MaskedCrossCorrelation#

class MaskedCrossCorrelation(target, template_coordinates, template_weights, template_mask_coordinates=None, target_mask=None, negate_score=True, return_gradient=False, interpolation_order=1, **kwargs)[source]#

Bases: _MatchCoordinatesToDensity

The Masked Cross-Correlation computes the similarity between target_weights and template_weights under respective masks. The score provides a measure of similarity even in the presence of missing or masked data.

The formula for the Masked Cross-Correlation is:

\[\text{numerator} = \text{dot}(\text{target_weights}, \text{template_weights}) - \frac{\text{sum}(\text{mask_target}) \times \text{sum}(\text{mask_template})} {\text{mask_overlap}}\]
\[\text{denominator1} = \text{sum}(\text{mask_target}^2) - \frac{\text{sum}(\text{mask_target})^2} {\text{mask_overlap}}\]
\[\text{denominator2} = \text{sum}(\text{mask_template}^2) - \frac{\text{sum}(\text{mask_template})^2} {\text{mask_overlap}}\]
\[\text{denominator} = \sqrt{\text{denominator1} \times \text{denominator2}}\]
\[\text{score} = \frac{\text{numerator}}{\text{denominator}} \text{ if denominator } \neq 0 \text{ else } 0\]

Where:

  • mask_target and mask_template are binary masks for the target_weights and template_weights respectively.

  • mask_overlap represents the number of overlapping non-zero elements in the masks.

Parameters:
targetNDArray

A d-dimensional target to match the template coordinate set to.

template_coordinatesNDArray

Template coordinate array with shape (d,n).

template_weightsNDArray

Template weight array with shape (n,).

template_mask_coordinatesNDArray, optional

Template mask coordinates with shape (d,n).

target_maskNDArray, optional

A d-dimensional mask to be applied to the target.
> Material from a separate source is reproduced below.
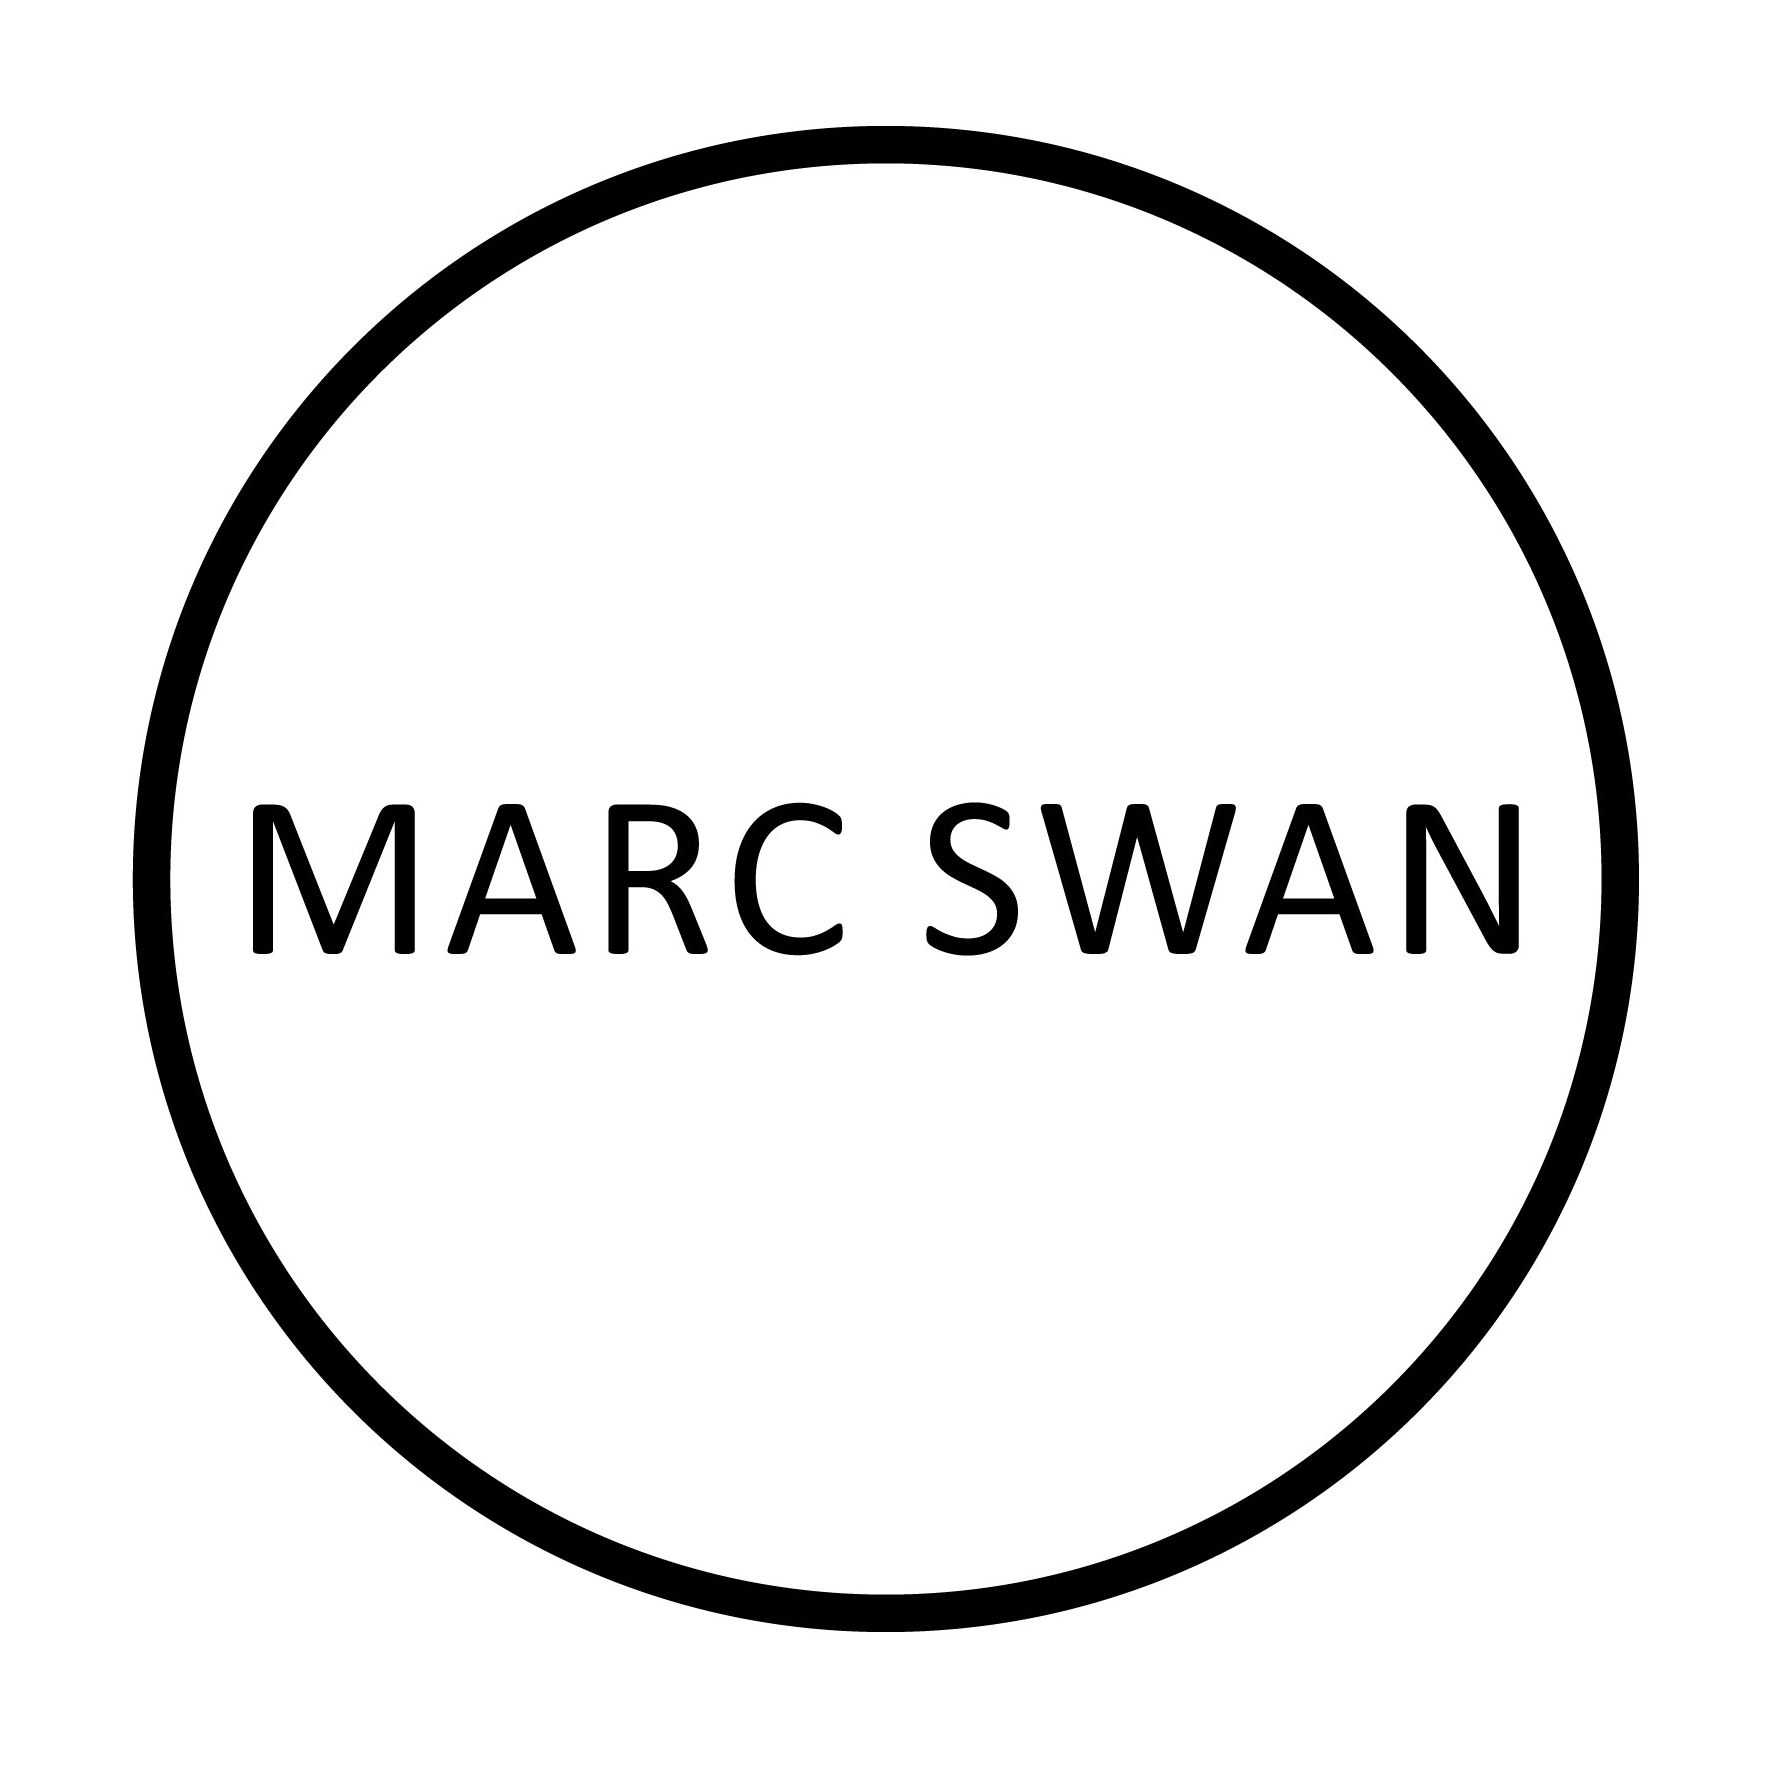 MARC SWAN

negate_scorebool, optional

Whether the final score should be multiplied by negative one. Default is True.

return_gradientbool, optional

Invoking __call_ returns a tuple of score and parameter gradient. Default is False.

**kwargsDict, optional

Keyword arguments propagated to downstream functions.

References

[1]

Masked FFT registration, Dirk Padfield, CVPR 2010 conference

Methods

MaskedCrossCorrelation.rotate_array(arr, ...)

MaskedCrossCorrelation.score(x)

Compute the matching score for the given transformation parameters.

MaskedCrossCorrelation.score_angles(x)

Computes the score after a given rotation.

MaskedCrossCorrelation.score_translation(x)

Computes the score after a given translation.